Cornett Kayla M D, North Kathryn N, Rose Kristy J, Burns Joshua
Institute for Neuroscience and Muscle Research, The Children's Hospital at Westmead, Sydney, NSW, Australia.
Arthritis and Musculoskeletal Research Group, Faculty of Health Sciences, The University of Sydney, Sydney, NSW, Australia.
Dev Med Child Neurol. 2015 Aug;57(8):733-6. doi: 10.1111/dmcn.12777. Epub 2015 Apr 23.
To investigate if children with neurofibromatosis type 1 (NF1) have reduced muscle strength compared with children with typical development.
Maximal isometric strength of 15 upper and lower limb muscle groups was evaluated in 30 children with NF1 (16 males, 14 females; aged 4-16y) and 30 age-, sex-, height-, and weight-matched controls using hand-held dynamometry by a single evaluator. Both the left and right sides were assessed.
Children with NF1 were significantly weaker than children with typical development across all 15 muscle groups assessed (p<0.05). Apart from elbow flexion, there were no differences between the left and right sides (p>0.05). Magnitude of differences between the children with NF1 compared with the controls ranged from 3% to 43%. Males and females were equally affected.
This study shows that children with NF1 have reduced muscle strength compared with children with typical development. This muscle weakness is present from the earliest stages of the disease assessed and persists throughout childhood with no sex difference. These results support recent evidence from mouse studies that NF1 is associated with a primary myopathy.

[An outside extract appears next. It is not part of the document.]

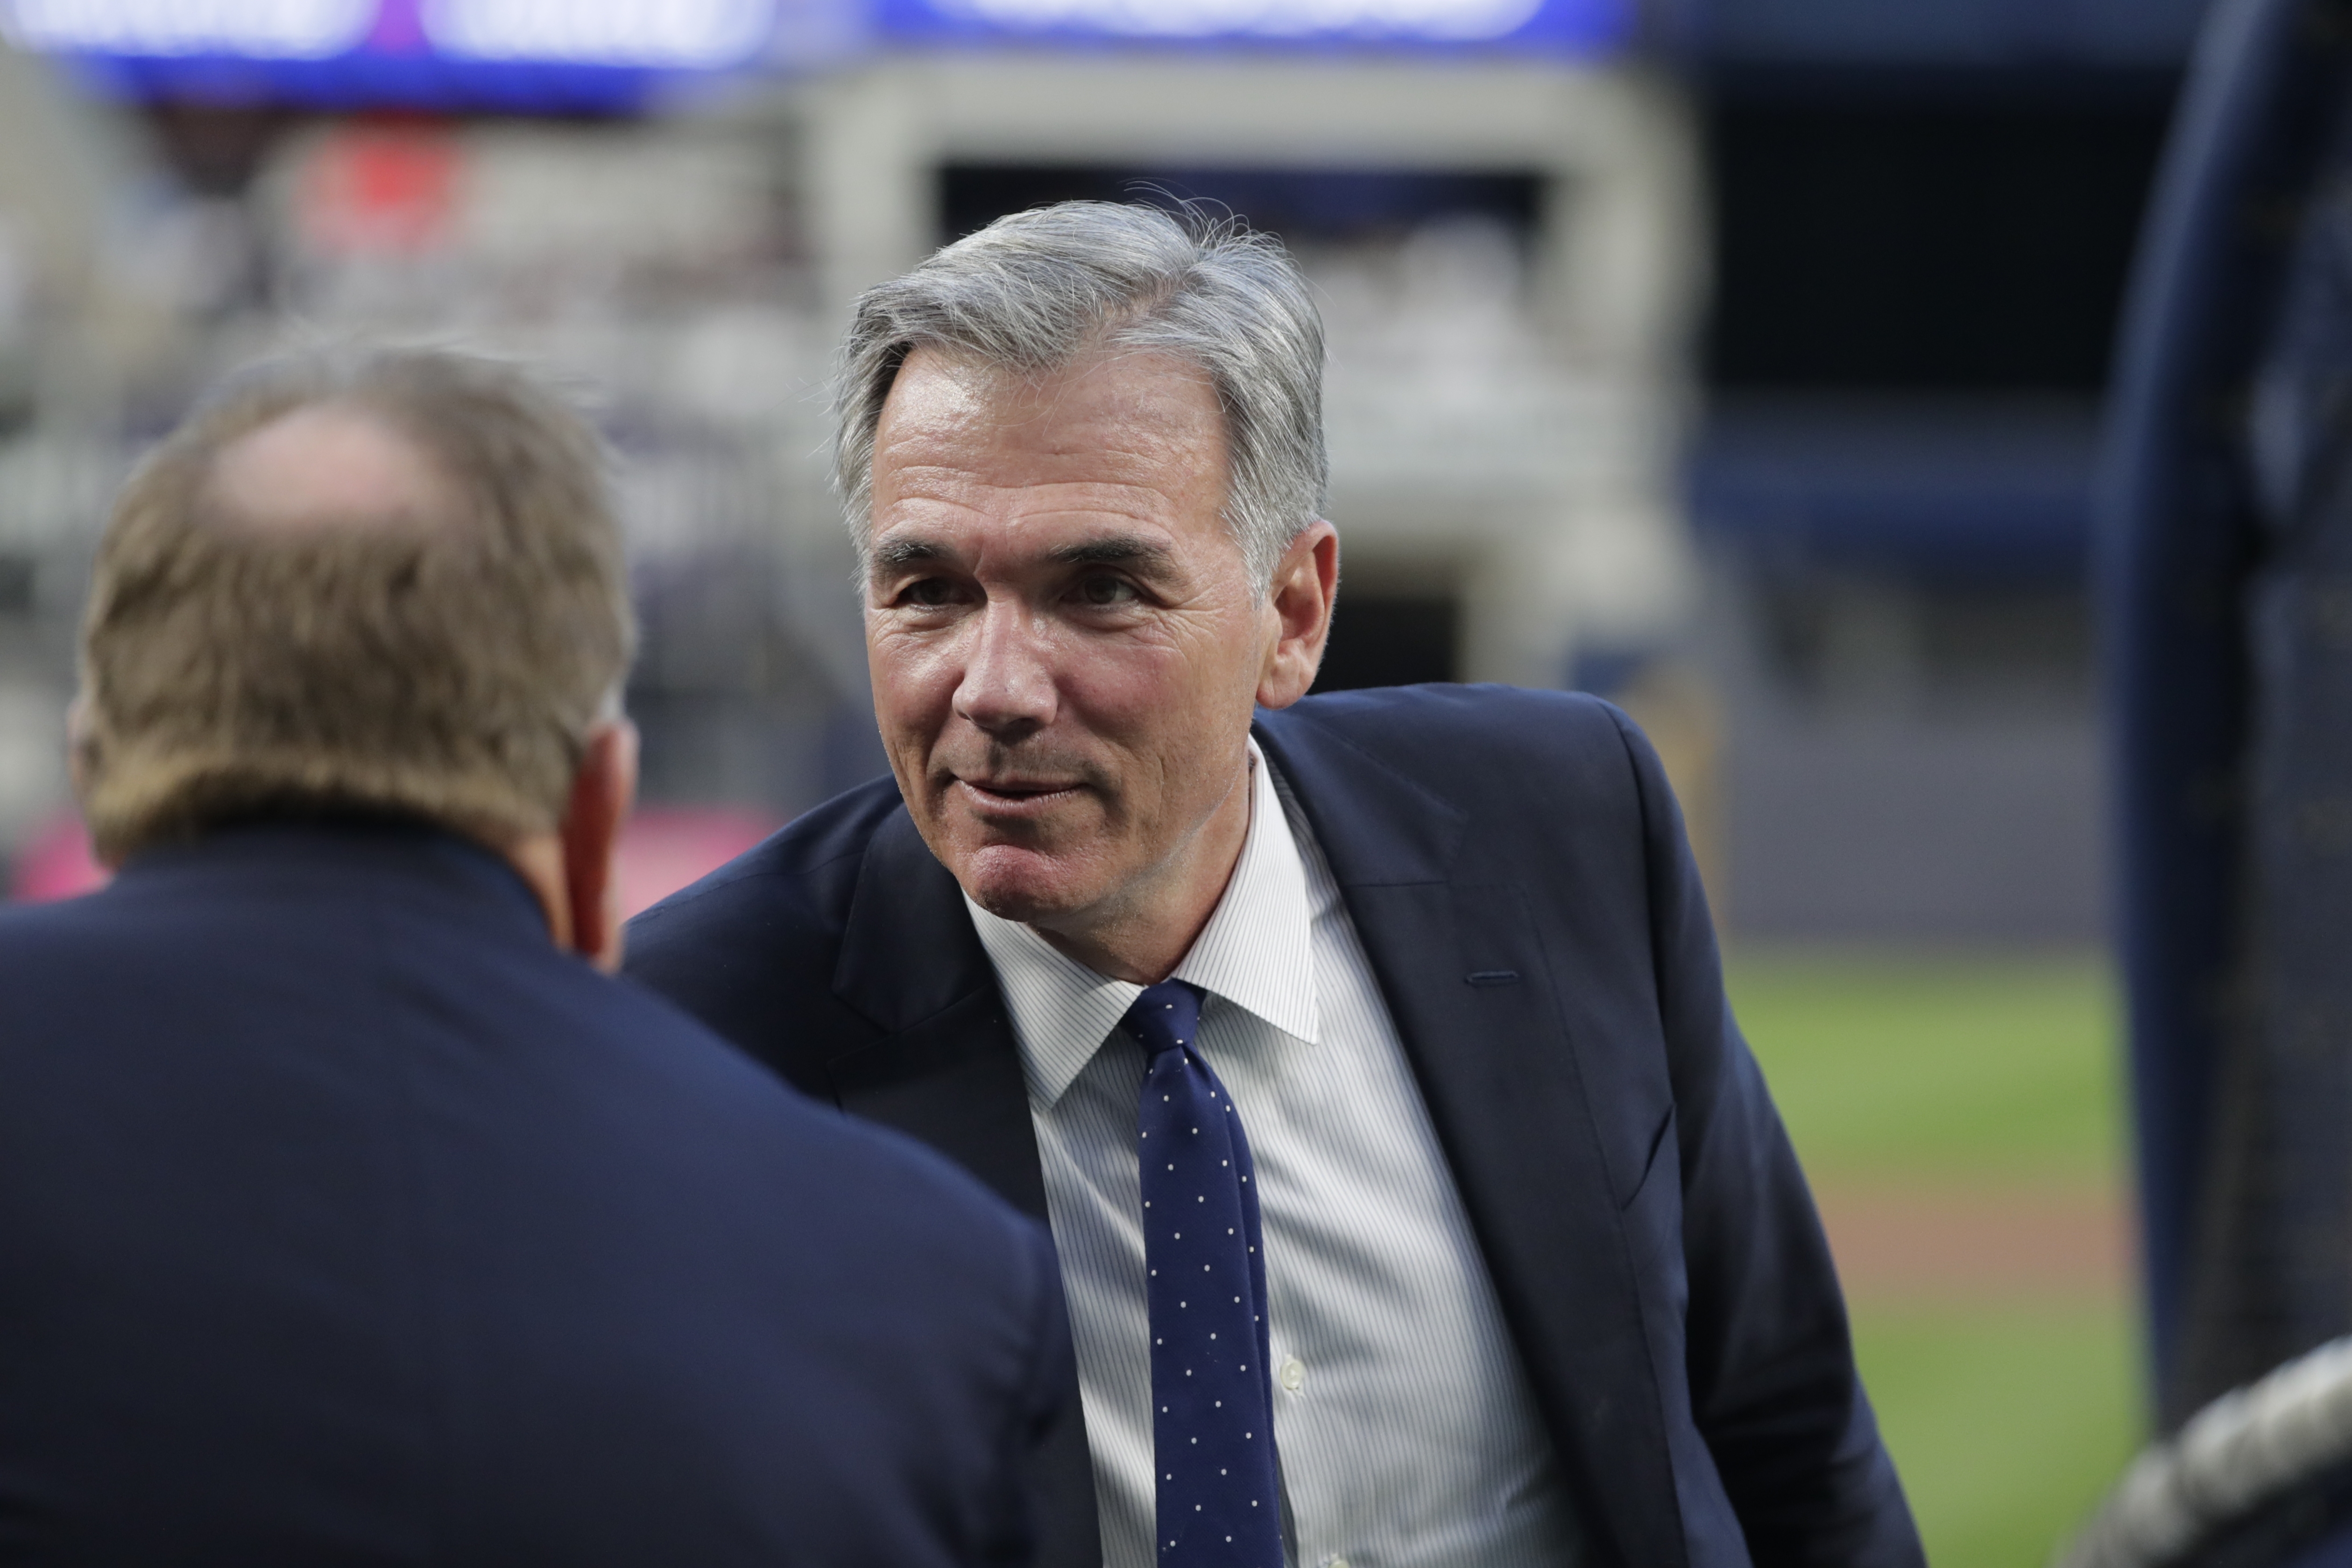 Billy Beane named Executive of the Year - NBC Sports

研究1型神经纤维瘤病(NF1)患儿与发育正常儿童相比肌肉力量是否降低。
由一名评估者使用手持测力计,对30名NF1患儿(16名男性,14名女性;年龄4 - 16岁)和30名年龄、性别、身高和体重匹配的对照组儿童的15个上下肢肌肉群的最大等长肌力进行评估。对左右两侧均进行评估。
在评估的所有15个肌肉群中,NF1患儿明显比发育正常儿童虚弱(p<0.05)。除了肘关节屈曲外,左右两侧之间没有差异(p>0.05)。NF1患儿与对照组之间的差异幅度在3%至43%之间。男性和女性受影响程度相同。
本研究表明,与发育正常儿童相比,NF1患儿肌肉力量降低。这种肌肉无力在疾病评估的最早阶段就已出现,并在整个童年期持续存在,无性别差异。这些结果支持了最近小鼠研究的证据,即NF1与原发性肌病有关。